Closed vzapylikhin closed 1 year ago
I think that I've been able to get a text embedding from MetaTransformer (if I am doing it correctly). Code below and from README. Note that may need some installs and see on README about download link to .pth file. Also the zero_padding function is from Data2Seq > Text.py which I just recreated the function but did not include below which you can. I have not been able to get any other mode yet but will continue working on it.
# For base-scale encoder:
ckpt = torch.load("Meta-Transformer_base_patch16_encoder.pth")

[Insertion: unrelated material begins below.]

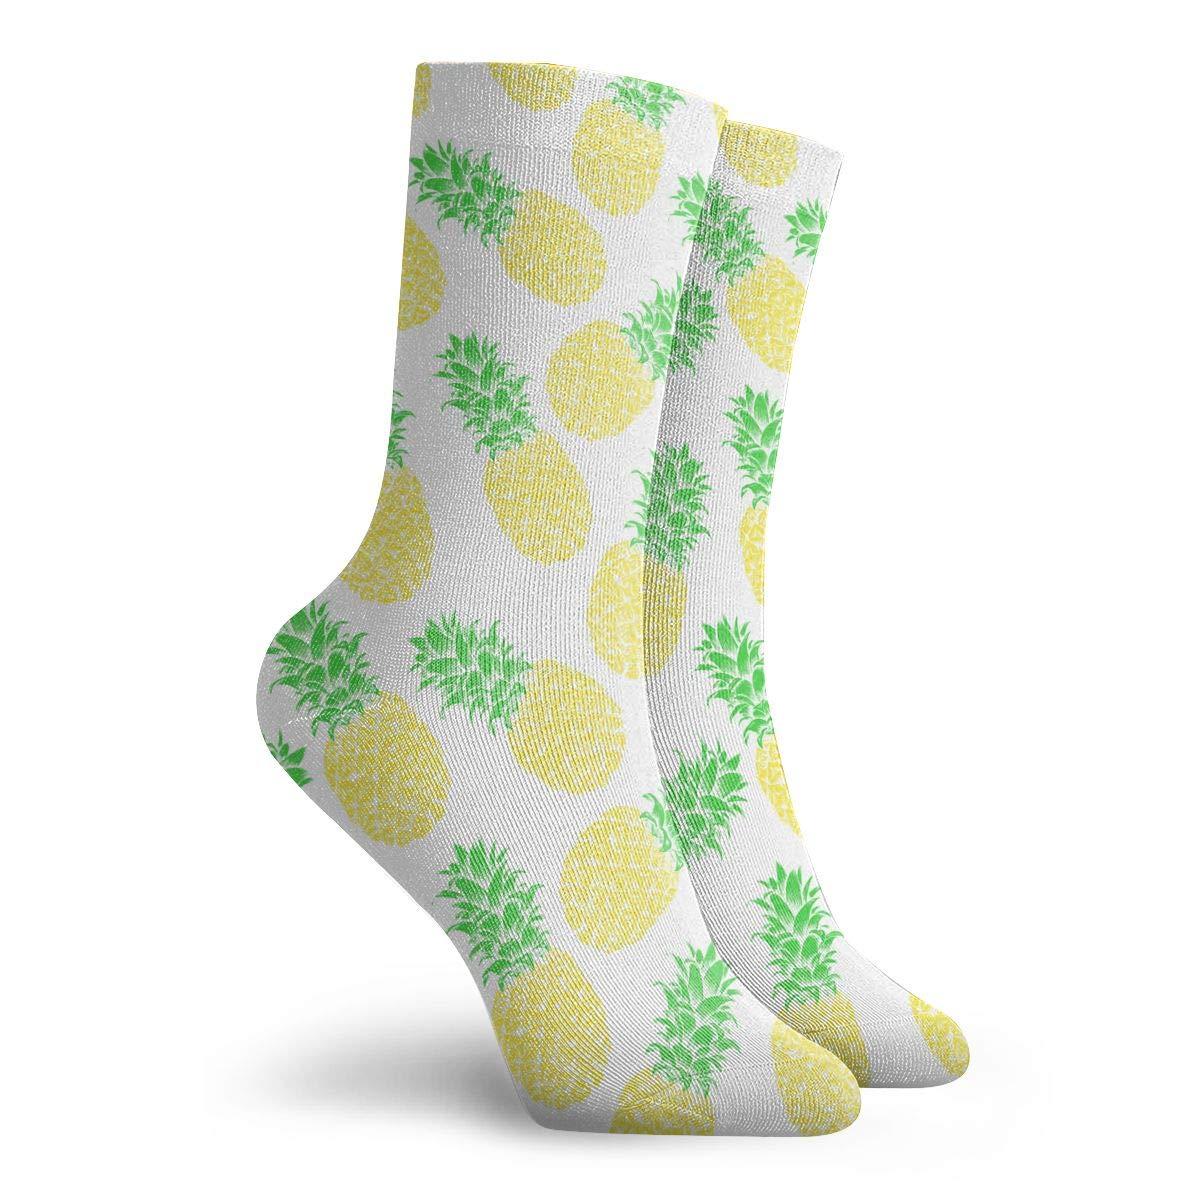 Unisex Pineapple Pattern Athletic Quarter Ankle Print Breathable Hiking Running Socks

encoder = nn.Sequential(*[
Block(
dim=768,
num_heads=12,
mlp_ratio=4.,
qkv_bias=True,
norm_layer=nn.LayerNorm,
act_layer=nn.GELU
)
for i in range(12)])
encoder.load_state_dict(ckpt,strict=True)
import clip
model, preprocess = clip.load('ViT-B/32', "cpu")
text_tensor = clip.tokenize("is it working?")

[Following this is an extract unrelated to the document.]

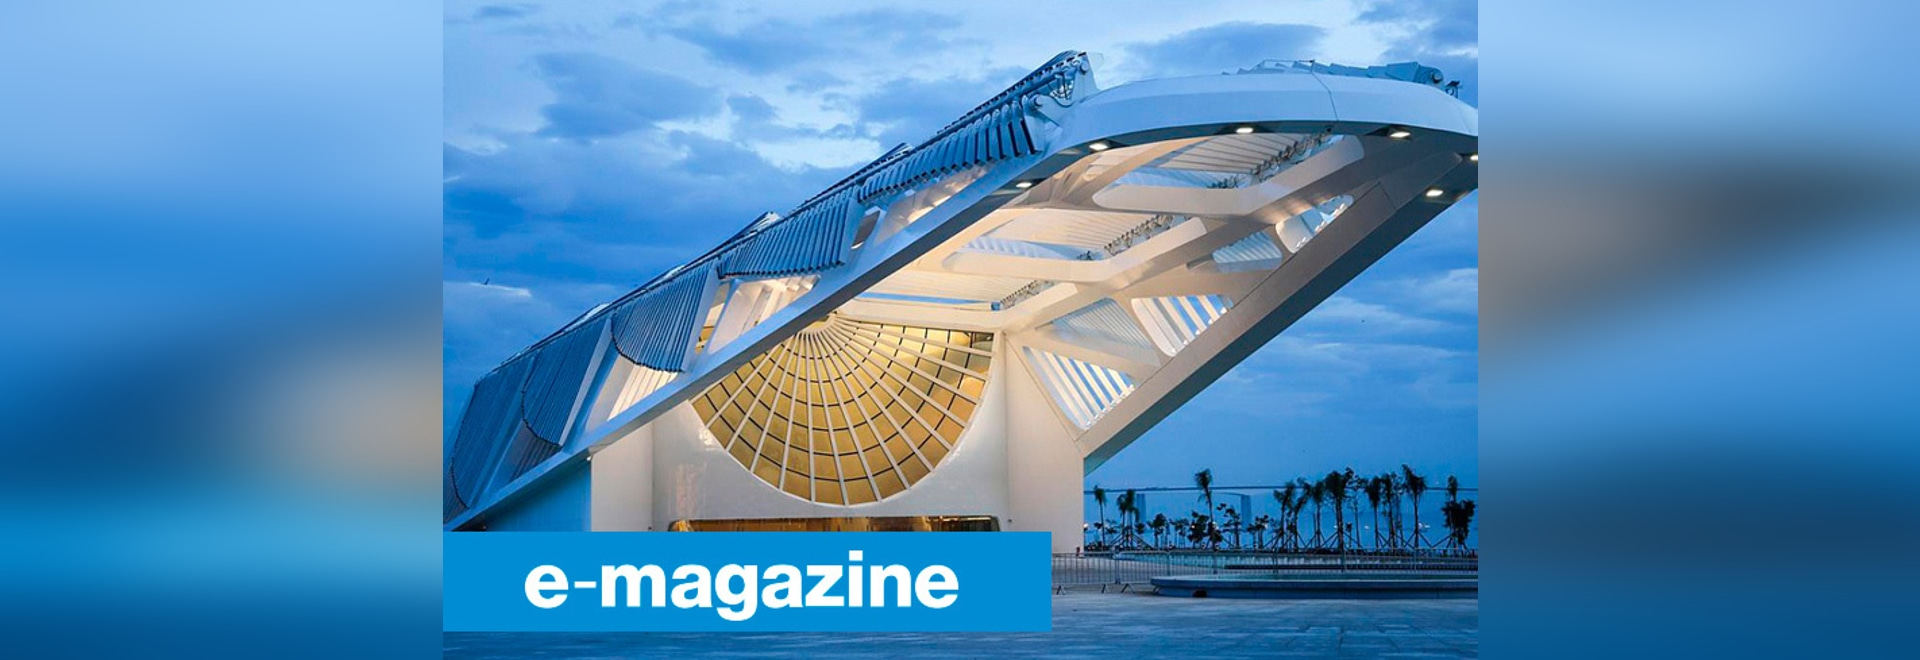 Courtoisie de Santiago Calatrava

encoding = model.encode_text(text_tensor)
encoding = zero_padding(encoding, 768, "cpu")
encoded_features_text = encoder(encoding.unsqueeze(dim=1))
@jawhster Hello! We are continuing to study Metatransform project, probably you have some ideas about my new question. I will be really grateful. I would like to know when we combine tokens of two modalities, such as text (1 x 768) and pictures (1 x 768), then we get a token using torch.concat (2x768).
features = torch.concat([text_tokenizer(text), image_tokenizer(image)],dim=1)
Then, after the encoder, we get a 2x768 embedding. But since both the text and the picture belong to the same data line, we would like to get a 1x768 embedding. How to do it?
Hello! I've been trying to figure out Meta-Transformer for two weeks now and I can't get the embeddings I need. Please share the code for the following example: how to get text and image embeddings from the words "dog", "car", "bird" and their pictures. Thanks!